Data below –
....
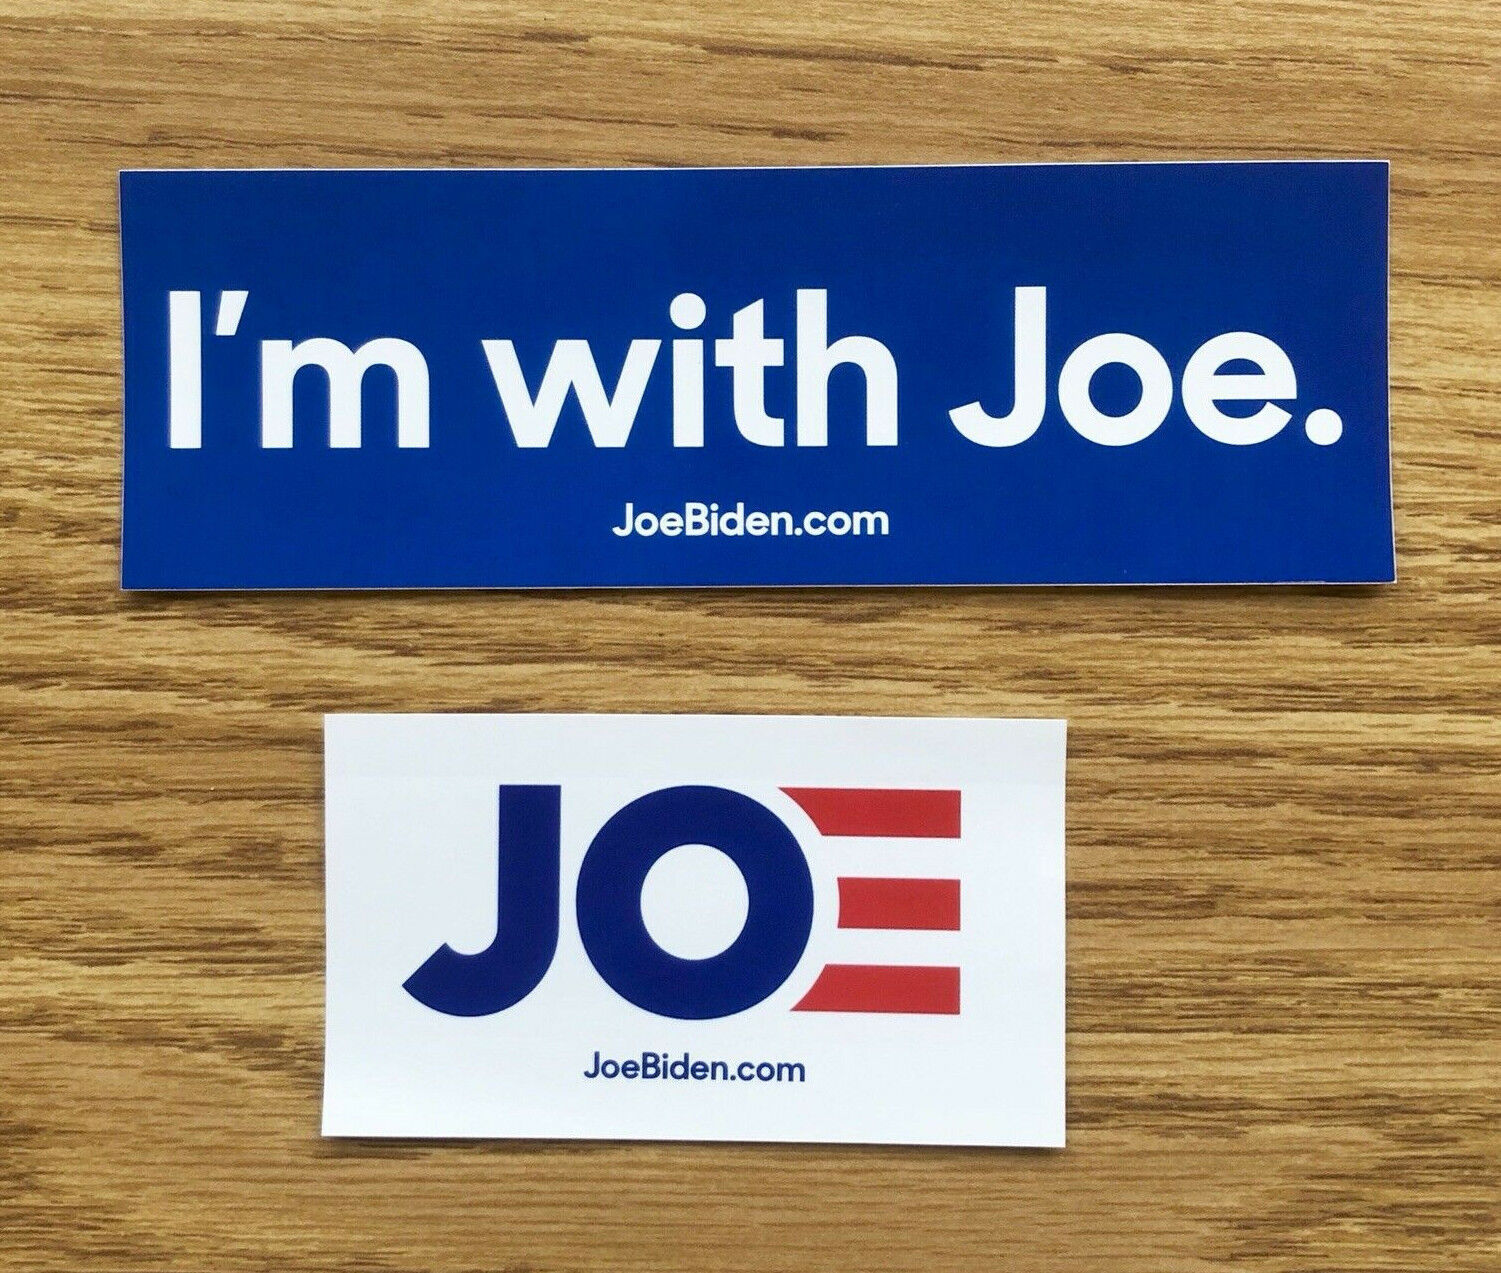 Joe Biden for President 2020 Campaign Bumper Sticker Pack
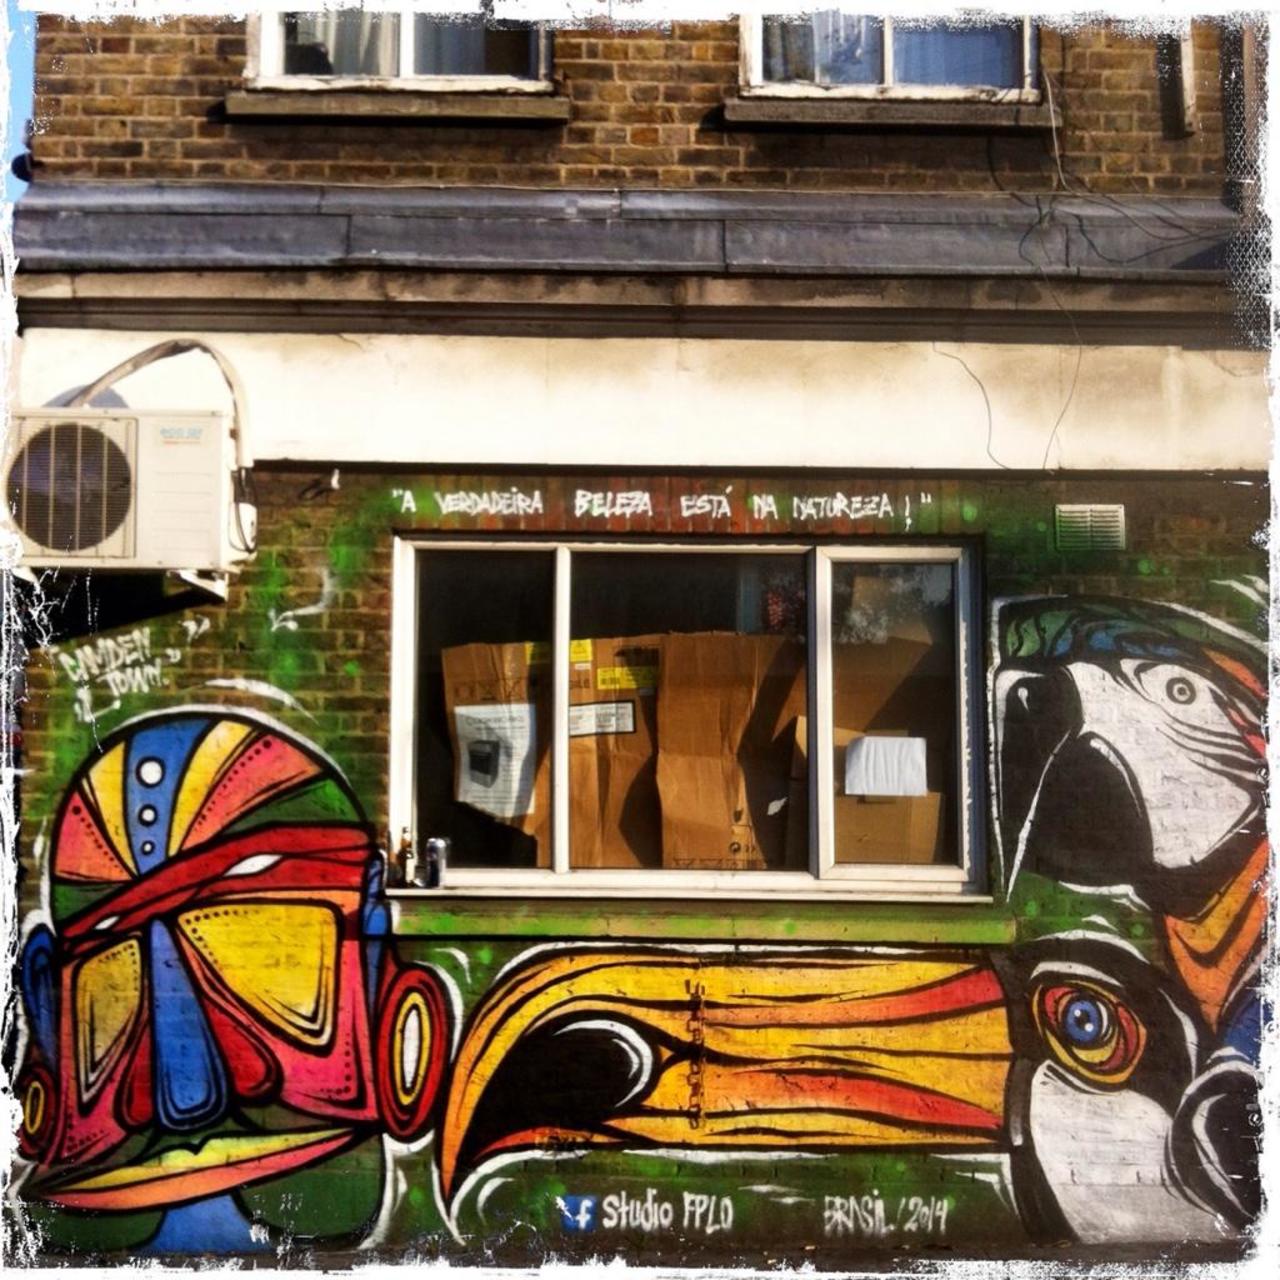 Not often you see a toucan in London!

Lovely @studiofplo Streetart in Camden 

#art #graffiti @streetart_ldn http://t.co/DMmkDkGaoS
....
Work task – Up to the line containing "Lovely @studiofplo Streetart in Camden", skip everything; from that line through the last line above, return each line exactly.

Solution for this task –
Lovely @studiofplo Streetart in Camden 

#art #graffiti @streetart_ldn http://t.co/DMmkDkGaoS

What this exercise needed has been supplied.